В четыре часа ночи зазвонил телефон. Я проснулся где-то в середине этого звонка и замер, вытянувшись в постели. Я мог придумать тысячу объяснений этому звонку, но не придумал ни одного. Я лежал и чувствовал, как становилось все напряженным и резким, как все сдвигалось на какую-то долю сантиметра, на какую-то долю секунды, и все было уже неисправимо, это я понял сразу. Тело мое покрылось липким отвратительным потом, я не мог пошевелиться, а телефон все звонил и звонил длинными напряженными звонками. Он звонил все время, пока я шел по коридору и снимал трубку, и когда я наконец сделал это, в трубке что-то пробормотали, а потом раздались частые гудки…

Так было и в следующую ночь. Около четырех часов я проснулся от ощущения тревоги. Я знал, что он зазвонит, и как только я понял, что знаю и жду, он зазвонил — так же длинно и протяжно, как накануне. Все повторилось, но на этот раз я пересилил себя и уговорил, что это кто-то разыгрывает или какой-нибудь загулявший мой дружок, и чуть-чуть поверил в это. Повторяя про себя, что это именно так, а не иначе, я подбежал к телефону и, сорвав трубку, обругал этого воображаемого весельчака. И тотчас же в трубке удивленно вздохнули, и частые гудки наполнили комнату.

Вот когда я уже не знал, как быть, хотя нет, вру, я еще надеялся, но знать — точно не знал. Поэтому я ничуть не удивился, когда ты предложил мне переночевать у тебя, и даже обрадовался. Ты отдал мне ключ и укатил на две недели.

В котором часу зазвонили в ту ночь? Я не могу этого сказать — помню только, что было еще не так поздно. Я лежал на твоем диване, вытянувшись, все было так же, как и у меня дома, — та же квартира, и всхлипывающий приемник с тоненьким своим огоньком, и этот звонок. Звонили в дверь. Коротко и уверенно.

Замок не слушался, но все-таки я повернул его и распахнул дверь широко, как можно шире, чтобы сразу прекратить это незнание.

Она стояла на площадке, и вот какой она была — в сизом плаще, невысокая, с какой-то странной, немного косой улыбкой и с такими же чуть раскосыми синими глазами.

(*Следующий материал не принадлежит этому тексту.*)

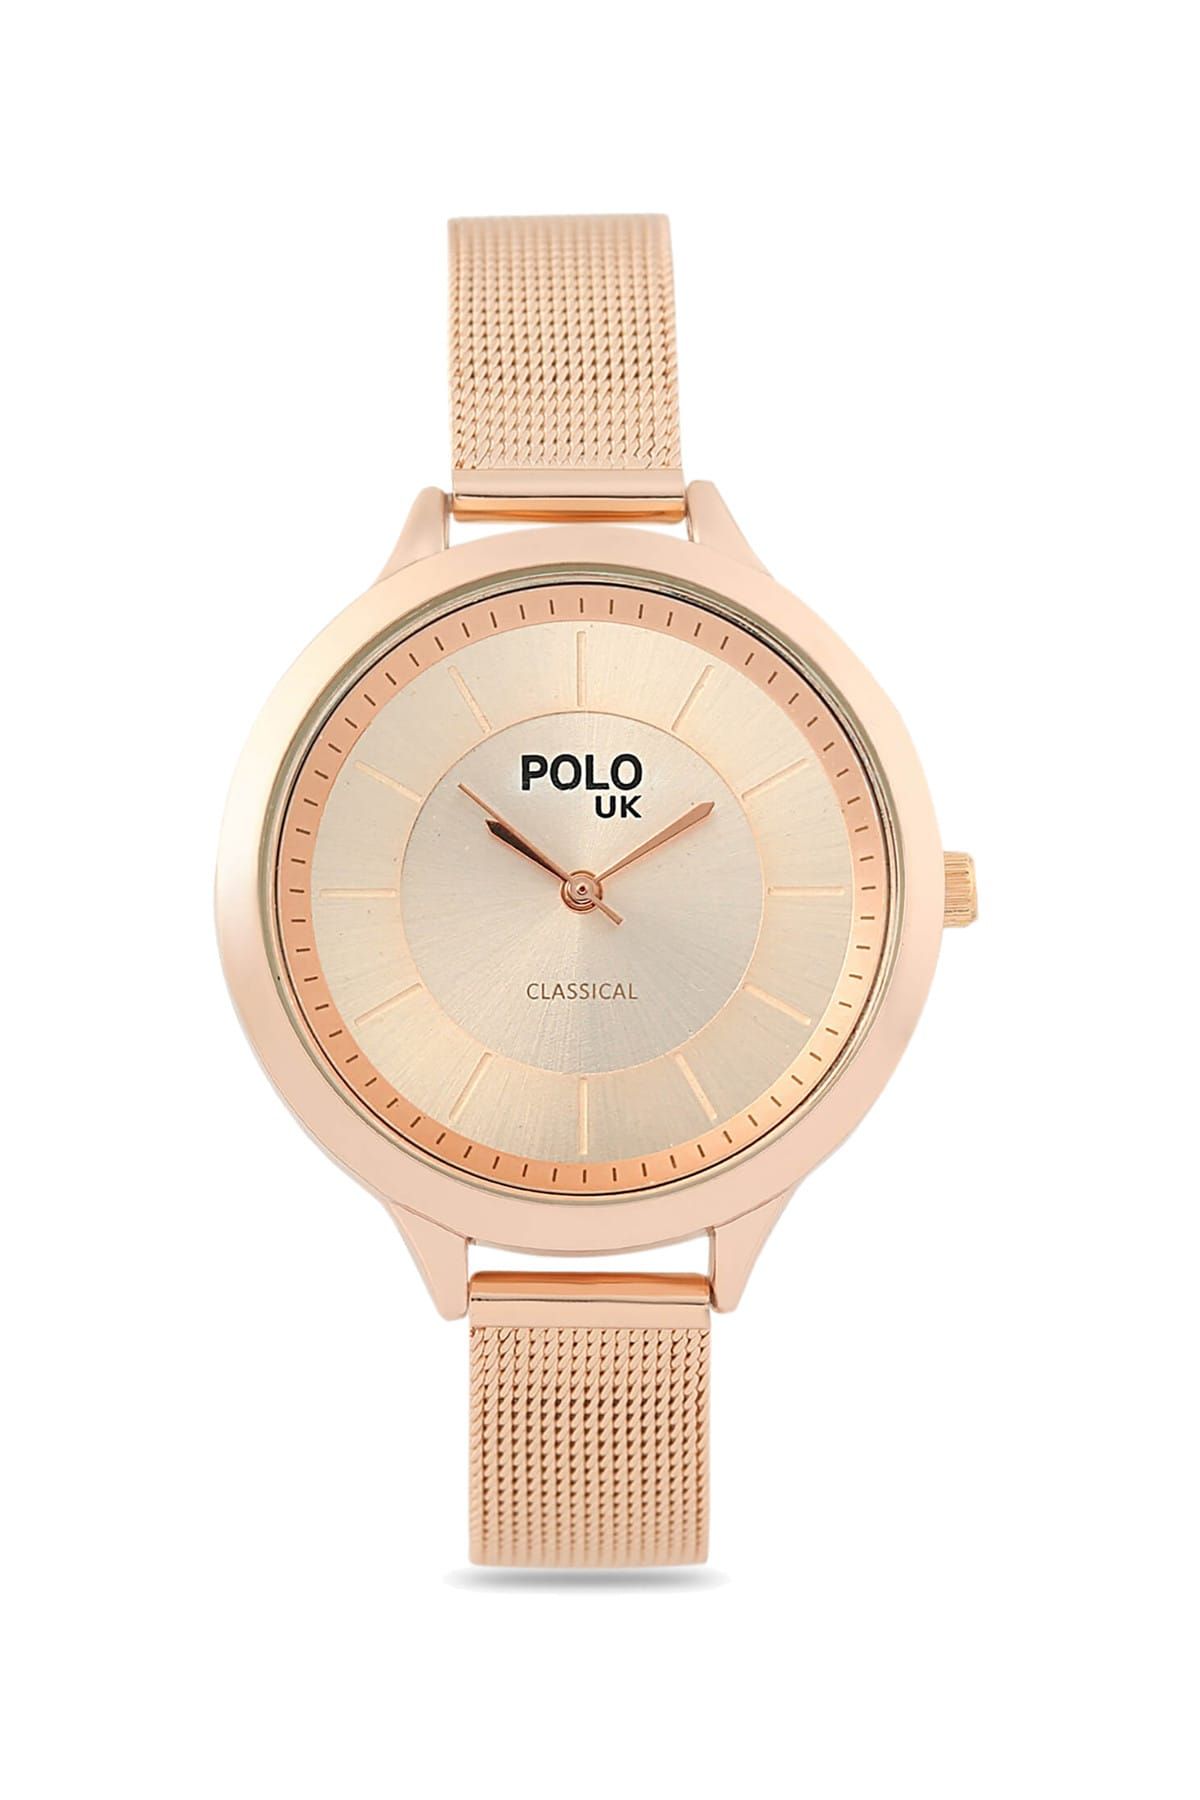 Polo U.K. Hasır Metal Kadın Kol Saati POLOUK 5452

— Здравствуй, — сказала она. — Поезд опоздал, так что прости. Я сразу тебя узнала, хотя ты ужасно изменился, конечно. А ты меня — нет, да? Мама уверяла, что это будет вполне удобно — остановиться у вас. Я не хотела, но она сказала, что позвонит. Наверное, забыла. Да не смотри же так удивленно…

— Проходи, — сказал я. — Я ждал тебя. Но раз поезд опоздал…

Почему я сделал это? Почему сразу не сказал, что это ошибка, что я — не ты? Не знаю. Не могу объяснить, но я чувствовал, что все это относилось не только к тебе, но и ко мне — какой-то косвенной, но прочной связью.

Мы молча прошли по коридору, и, помню, меня поразило, как уверенно вошла она в вашу столовую — не озираясь и не робея, как входят только в хорошо знакомую комнату.

— Здесь уютно, — сказала она, — и ужасно чем-то похоже на нашу комнату там, на Дальнем Востоке. Буфет стоял точно так же, очень неудобно, ты еще как-то набил шишку, вылезая из-за него. Это было довольно наивно — прятаться за буфетом, но ты уверял, что индейцы племени дэлэверов всегда прятались под самым носом у французов…

Вот здесь-то и началось самое странное. Я отлично понимал, что речь идет о тебе, но там, на Дальнем Востоке, в самом деле была какая-то такая комната, похожая на вашу, и я набил шишку, вылезая из-за буфета, и вокруг меня суетились с мокрым полотенцем, а я полулежал в глубоком кресле, и важно принимал все заботы, и гордился тем, что не заплакал от боли.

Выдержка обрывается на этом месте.